The findings highlight the utility of integrating genomic traits and EWAS approaches for understanding the ecological basis of soil microbiome-soil health relationships. The strong association of community-weighted genome size with soil health ratings suggests that genome size is a key trait reflecting microbial adaptation to soil conditions. The contrasting responses of various bacterial taxa to tillage and other disturbances reveal complex interactions within the soil microbiome. The study's findings support the hypothesis that soil health is closely linked to microbial community composition and function, and that genomic traits can provide valuable insights into these relationships. The discrepancies observed between expected and observed correlations, such as those for coding density and CRISPR array abundance, underscore the need for further research to understand the complex interplay of factors influencing soil microbial communities. The results highlight the potential for using microbial community composition as a diagnostic tool to assess soil health and guide management practices aimed at improving soil health and function.

This study demonstrates the value of combining genomic traits and EWAS to understand the ecological roles of bacteria in soil health. Community-weighted genome size emerged as the strongest predictor of overall soil health, and the results reveal complex relationships between microbial community composition, genome traits, and various soil properties. Future research should focus on validating these findings using shotgun metagenomics and investigating the functional mechanisms linking genome size and carbon cycling to soil health. The study provides a valuable framework for assessing the ecological attributes of soil bacteria, including unclassified taxa, contributing to a more comprehensive understanding of soil microbiome-soil health dynamics and informing sustainable agricultural management practices.

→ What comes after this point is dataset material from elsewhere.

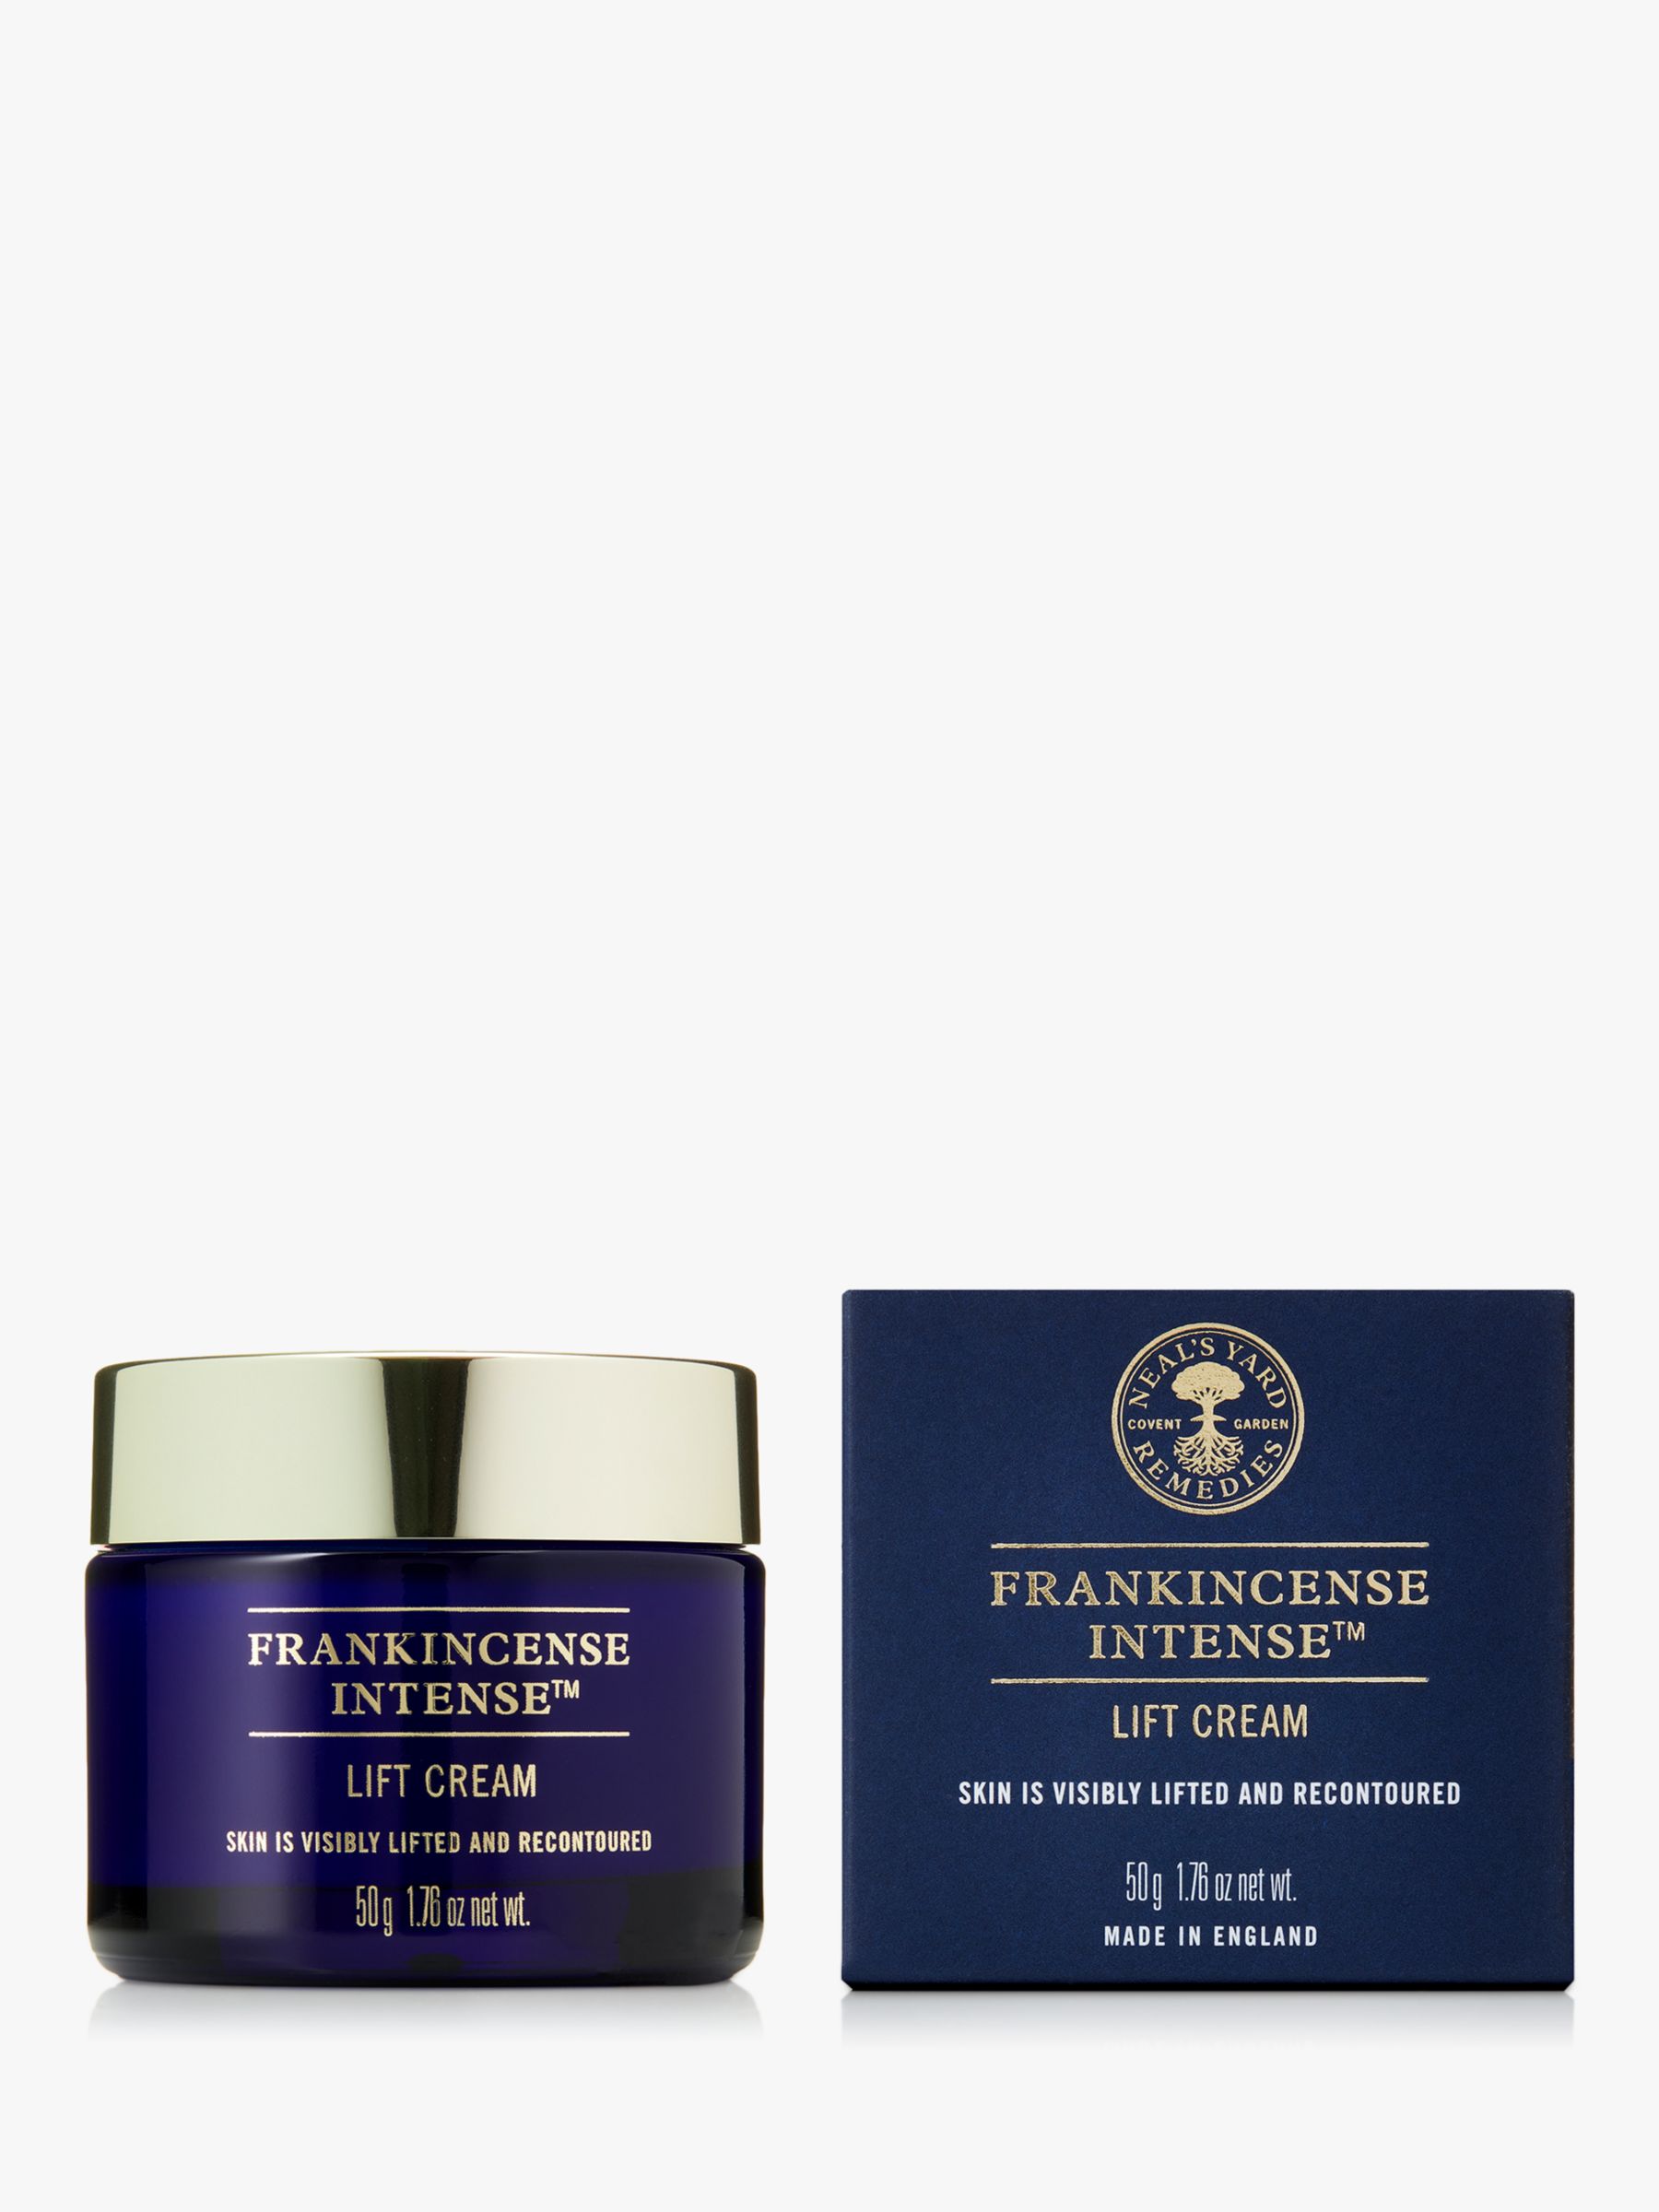 Neal's Yard Remedies Frankincense Intense™ Lift Cream, 50g 2

The study's reliance on inferred genomic traits from reference genomes and low phylogenetic resolution for many taxa could limit the accuracy of trait assignments. The EWAS analysis is dependent on the quality and availability of metadata from various studies, and biases inherent in the datasets used could influence the results. Furthermore, the study primarily focuses on correlational relationships; it doesn't directly establish causality between microbial community composition and soil health. The relatively large number of unclassified taxa, while highlighting the gap in our knowledge, may also limit the inferences we can draw about specific functional groups.